Today’s case in point is a new notice from John Caldecott. Remember John? He has been waging a one-person battle for 18 months to improve the transparency and moral compass of the Bear St. bureaucrats and the school board club, and to see that if anyone is guilty of anything that they be held accountable. Caldecott was a ten-year employee of the district who came across some information that did not sit right with him and he spoke up. For doing so, he was fired via e-mail, with the school board club declining to let him tell his side of the story. The word they took was the person accused of the wrongdoing.

Caldecott recently announced that at tonight’s school board club meeting, the club will rubber stamp a contract extension for Deputy Something Paul Reed. This is routine. It’s not a good practice, particularly by a government body charged with the stewardship of your tax dollars, but it’s standard operating procedure for the N-MUSD.

What’s different this time is an issue that Caldecott raised a long time ago. It’s this thing called a “Tax Sheltered Annuity” in the amount of $40,414.55 and according to Caldecott, it’s the first time first time “‘Tax Sheltered Annuity'” or any specific dollar amount has appeared as an open session action item.”

So why is it suddenly listed on the agenda item. Because what John Caldecott has been saying all this time has been correct.
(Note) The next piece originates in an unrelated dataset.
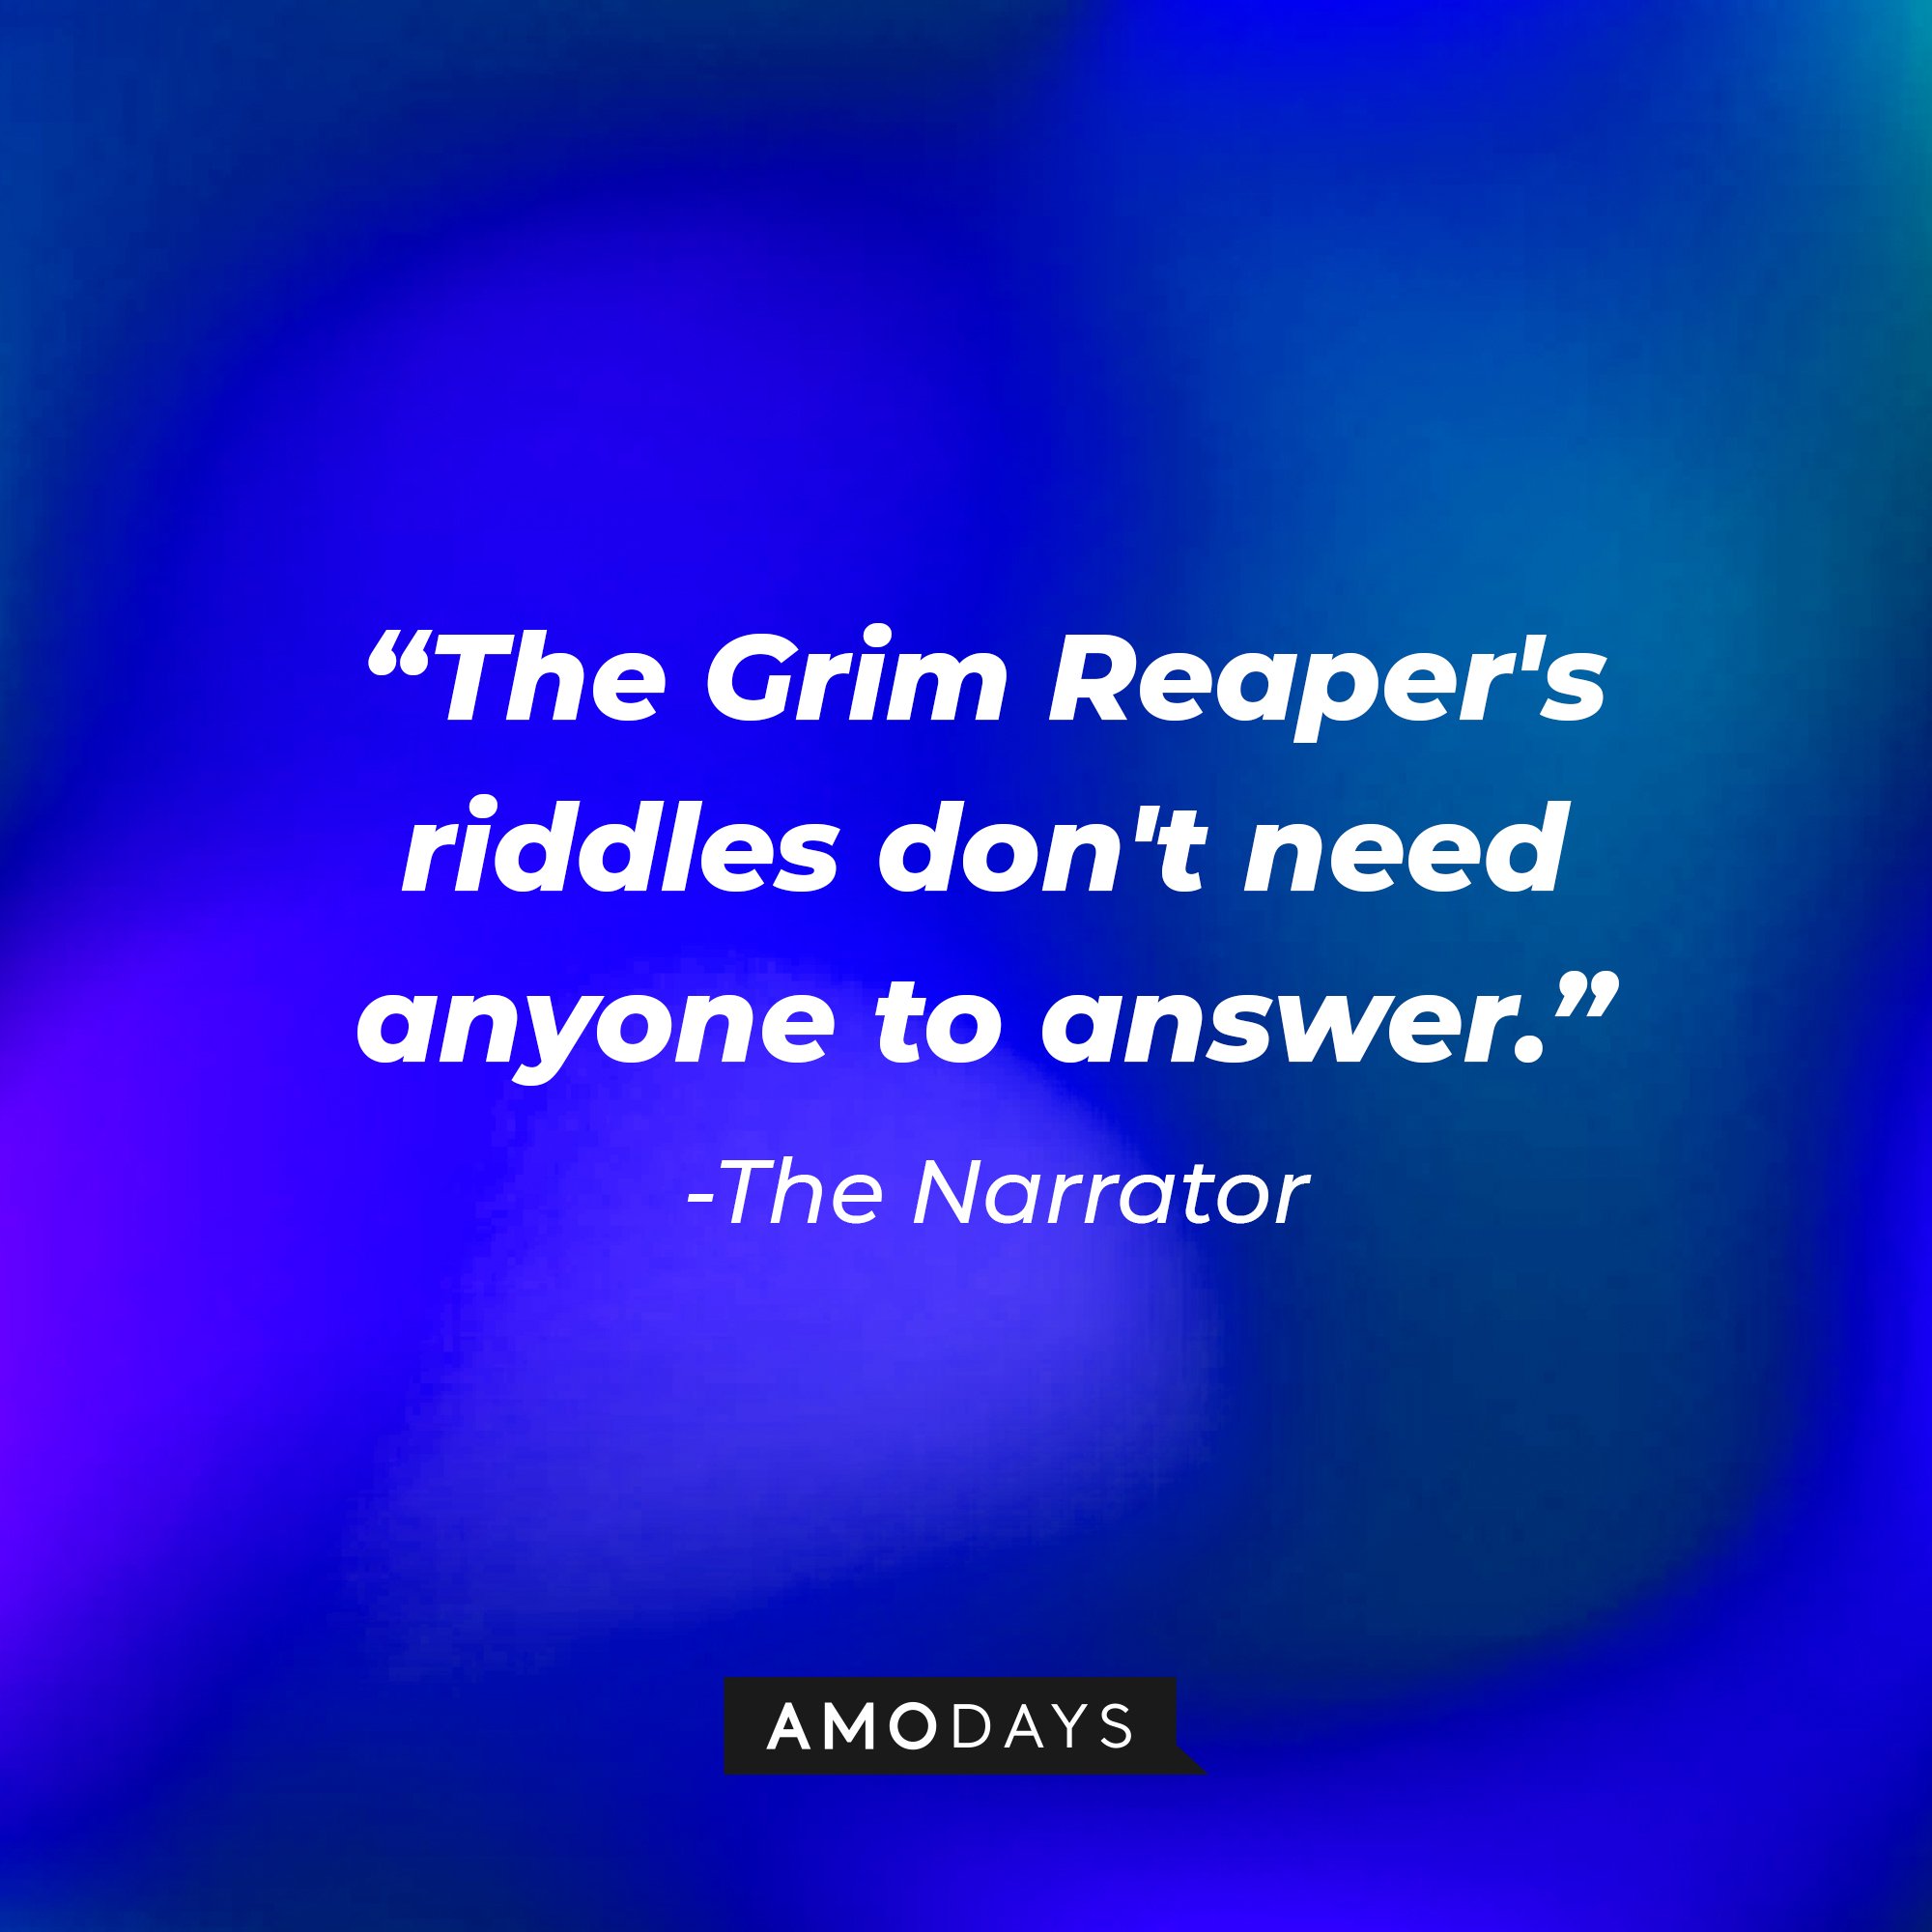 The Narrator’s quote: "The Grim Reaper's riddles don't need anyone to answer." | Image: AmoDays

The bureaucrats did not suddenly decide to do the right thing and list the annuity, they were shamed into it by Caldecott. Oh, yeah -they’re their covering their butts, too.

Also according to Caldecott, these rubber stamped contract extensionsion usually include a salary statement – a detailed list of the elements of compensation for the bureaucrat involved. This time, there is no statement.

A feeble attempt

Four days ago, the Daily Pilot ran a column by local activist Sandy Asper in which she renewed the call for a proper investigation into the Mariners Mess. In the comments section, school board club member Vicki Snell wrote, “Those that have served as trustees [should be “who have served – but that’s another column] know in order to make informed decisions, you must do research. It helps no one to listen to one side and act. Act in haste…repent in leisure. The community deserves trustees that [who!] remain calm until all sides are heard and all information is collected. To do anything else is just irresponsible.”

If you’re not highly insulted by this comment, you should be. The first part is support for what I’ve been writing to you for years. It’s the “Those that have served as trustees…” part. That’s it, you see – unless you are or have been a trustee, you can’t possibly understand this process. So here’s your pat on the head – now just go to your room while we take care of this for you.

I have news for Snell and the other club members: You didn’t invent the concept of listening to all sides. Not only did you not invent it, you don’t practice it. Just ask John Caldecott, who asked you repeatedly to just listen to his side of the story. Did you? No. And that decision may have cost taxpayers hundreds of thousands of dollars in legal fees to fight Caldecott’s resulting legal claims. So, please, don’t take the high road – not with me, anyway – I’ve seen too much of your hypocrisy and I know it when I see it.

This smoke-blowing is as common as the last-day-of-school notices we heard last week.

What did he know, and when did he know it?

So, taxpayers, as you fight your local battle for the truth, remember that what concerns you is only a small part of the larger problem of a lack of transparency and accountability and I urge you to become interested in that bigger picture

John Caldecott has his cause, I have mine. I want to know more about the Mariners Gold Ribbon application. Specifically:

  • Who, if anyone, assisted the Mariners’ principal in completing the application?
  • Who reviewed the application for accuracy before it was submitted?
  • What was the application process at the 11 other schools that achieved Gold Ribbon status?
  • Who completed the applications at the 11 other schools?
  • Who reviewed the applications at the 11 other schools?

If the teacher union is correct and there are “untruths and inaccuracies” in the application, taxpayers deserve to know who was involved and what consequences they will pay for their actions.

Tonight’s meeting is at 6:00 at 2985 Bear St. in Costa Mesa.